Work detail

Can Banks Profit from Business Cycle?

Author: Mgr. Patrik Nový
Year: 2004 - summer
Leaders:
Consultants:
Work type: Economic Theory
Masters
Language: English
Pages: 100
Awards and prizes: Young Economist Award
M.A. with distinction from the Dean of the Faculty of Social Sciences for an extraordinarily good masters diploma thesis
Link:
Abstract: In addition to portfolio diversification, management experience, gathering information on the borrower and other techniques, financial institutions increasingly rely on credit risk management models to manage credit riskiness of their (loan) portfolios. Modern advanced models apply a so-called portfolio approach. One of these cutting edge portfolio models, McKinsey's econometric CreditPortfolioView, takes into account risk factors which cannot be diversified, i.e. systematic (underlying economic) factors. In this thesis we adopt a similar strategy and apply it to the case of a particular loan portfolio in the Czech Republic.

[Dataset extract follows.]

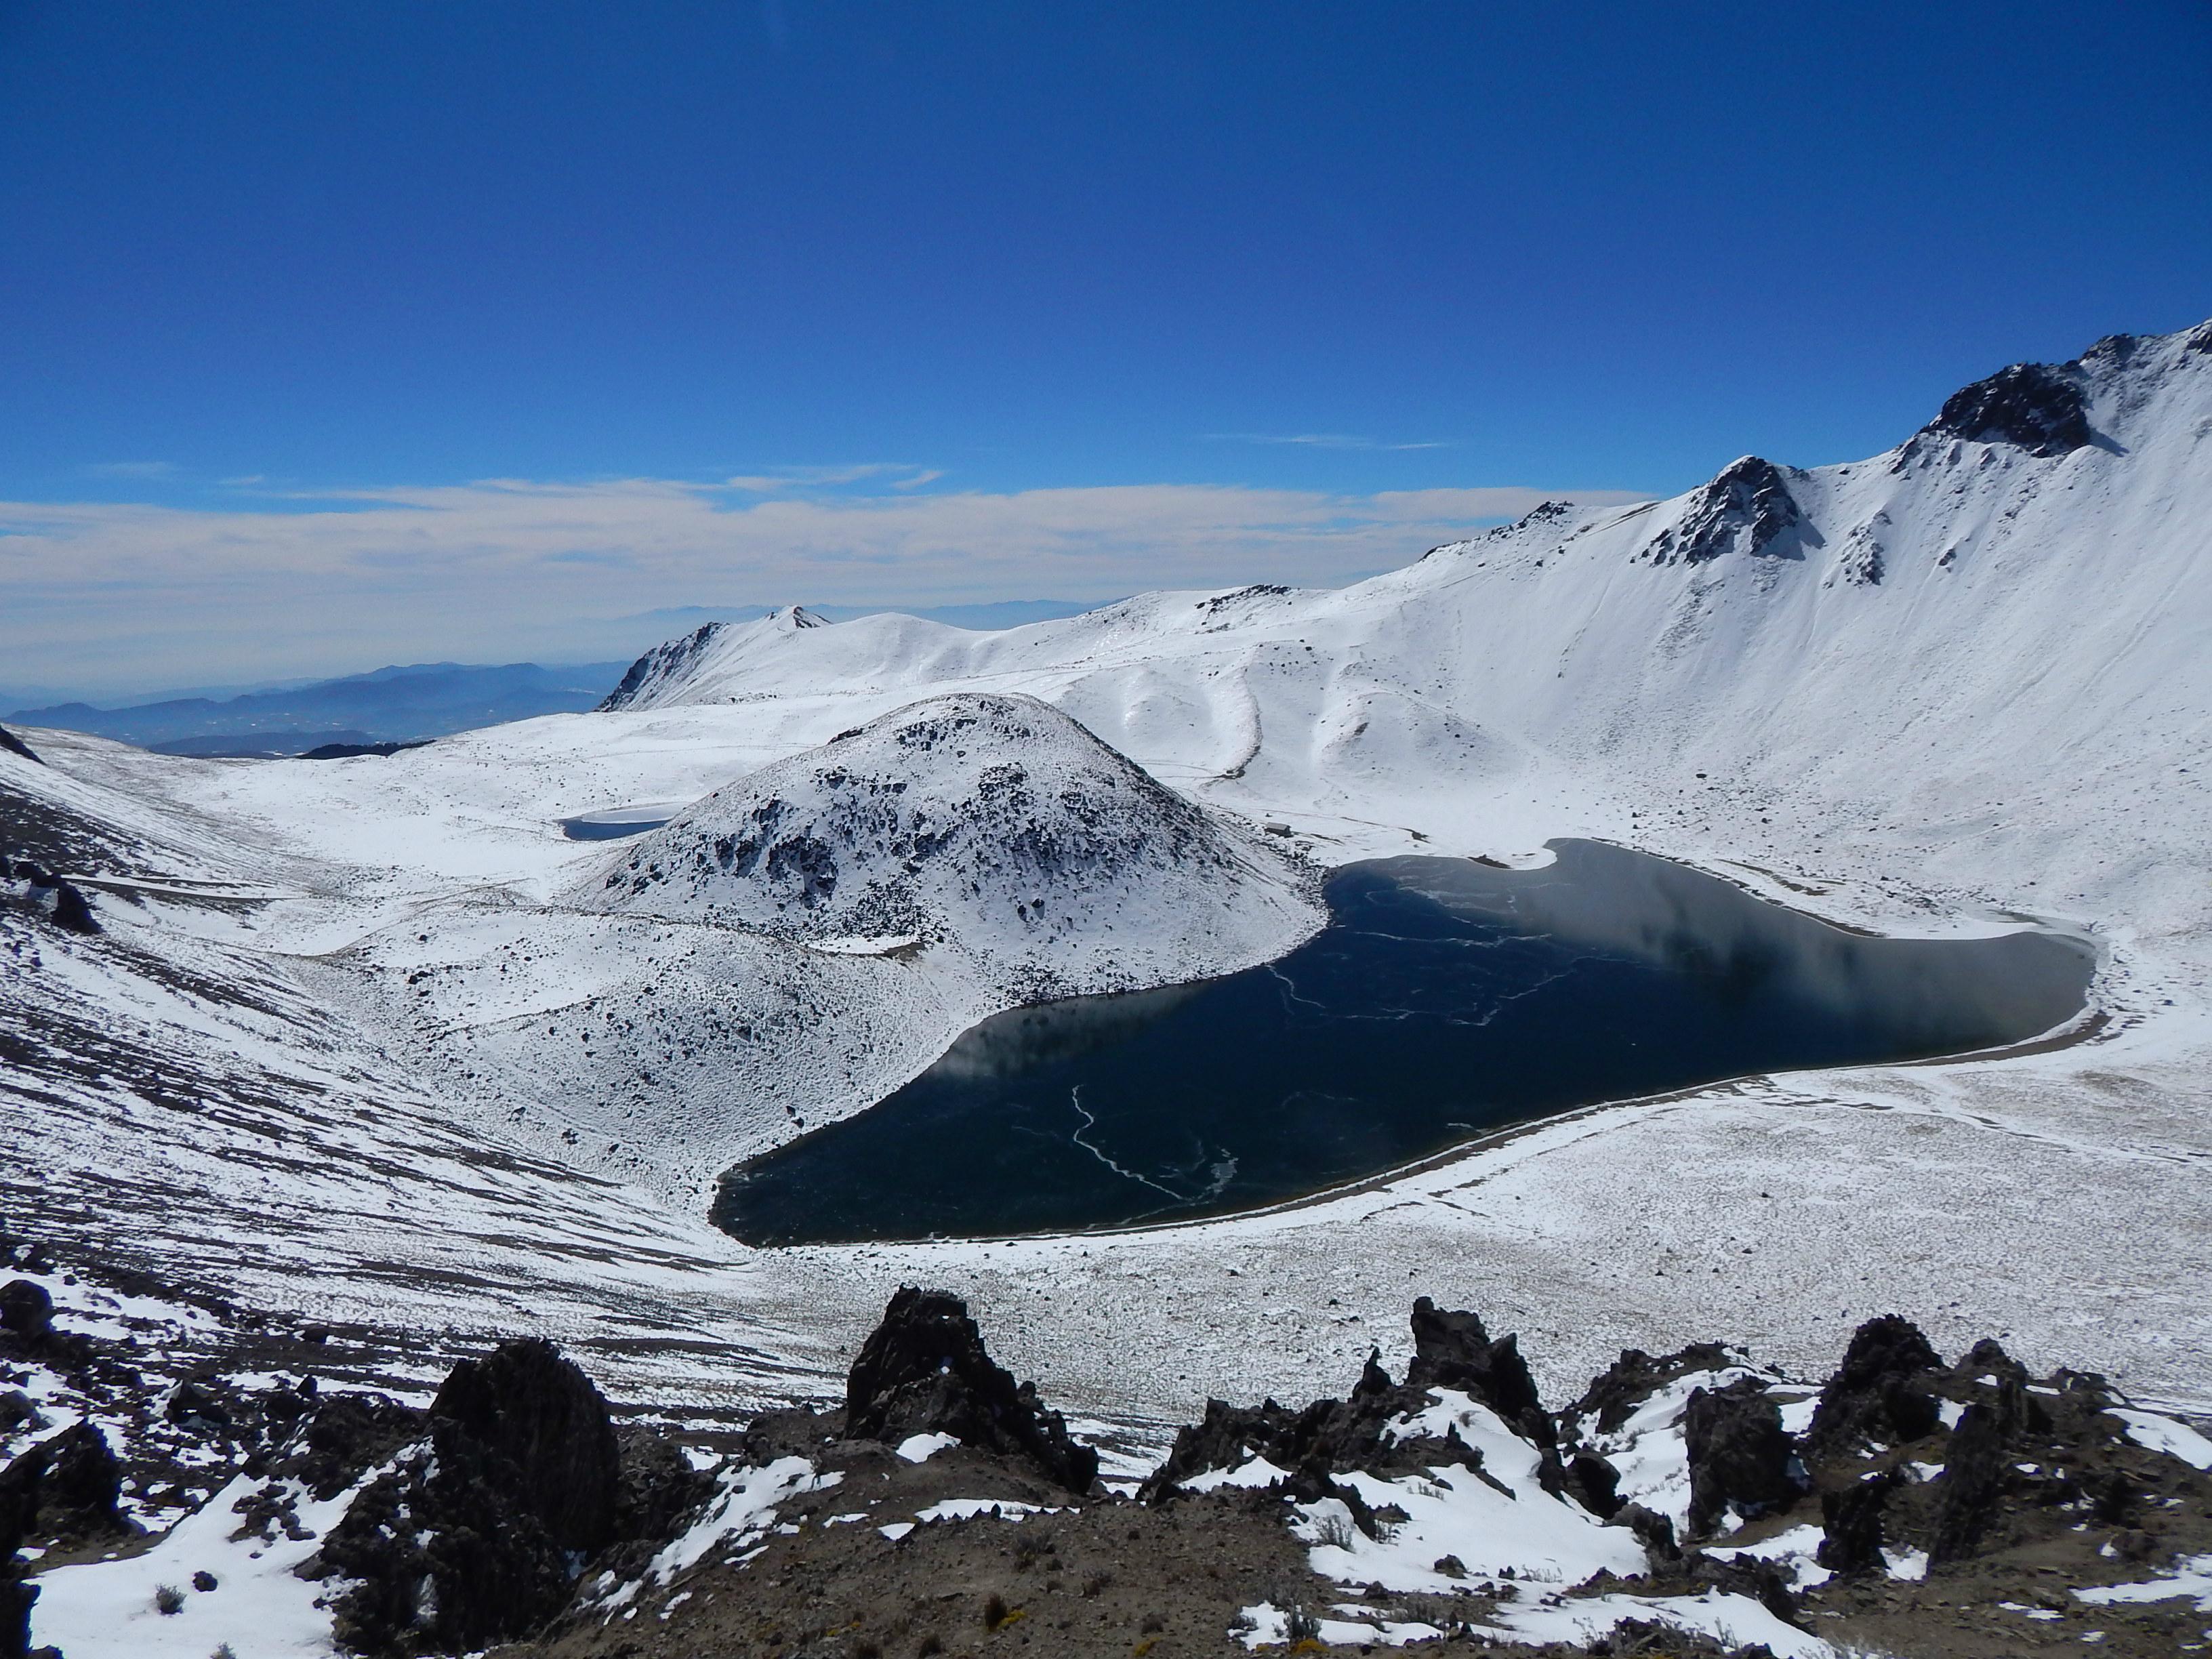 El acceso vehicular se cerrará a partir del Parque de los Venados (en donde podrán estacionarse), hasta el cráter del Nevado

On a simulated portfolio of major Czech companies followed between the years 1995 and 2001 we perform a panel data analysis investigating whether the quality of credit responds to systematic variation. Specifically, we analyze the hypothesis saying the credit quality of the portfolio is linked to the Czech economy's macro development. We find that we can indeed establish statistically significant and clear relationship between the credit quality (measured by Standard & Poor's and computed credit rating) and business cycle measures, such as the GDP gap and unemployment rate. In turn, this finding can be used in a precise determining and a several-percent-saving on the economic capital. Conversely, no influence of, for example, government deficit, external balance or the inflation has been detected. In addition to the main analysis, three more areas are looked into. First, general introduction into the field of credit risk management is provided. Second, aggregated quarterly macro-econometric model to short-term forecast the business cycle for the purposes of the developed credit risk management model is built and estimated on the 1994:1 2003:3 data. And third, credit risk management technique closely related to the main analysis - stress testing is introduced and investigated on a number of Monte Carlo (scenario) exercises.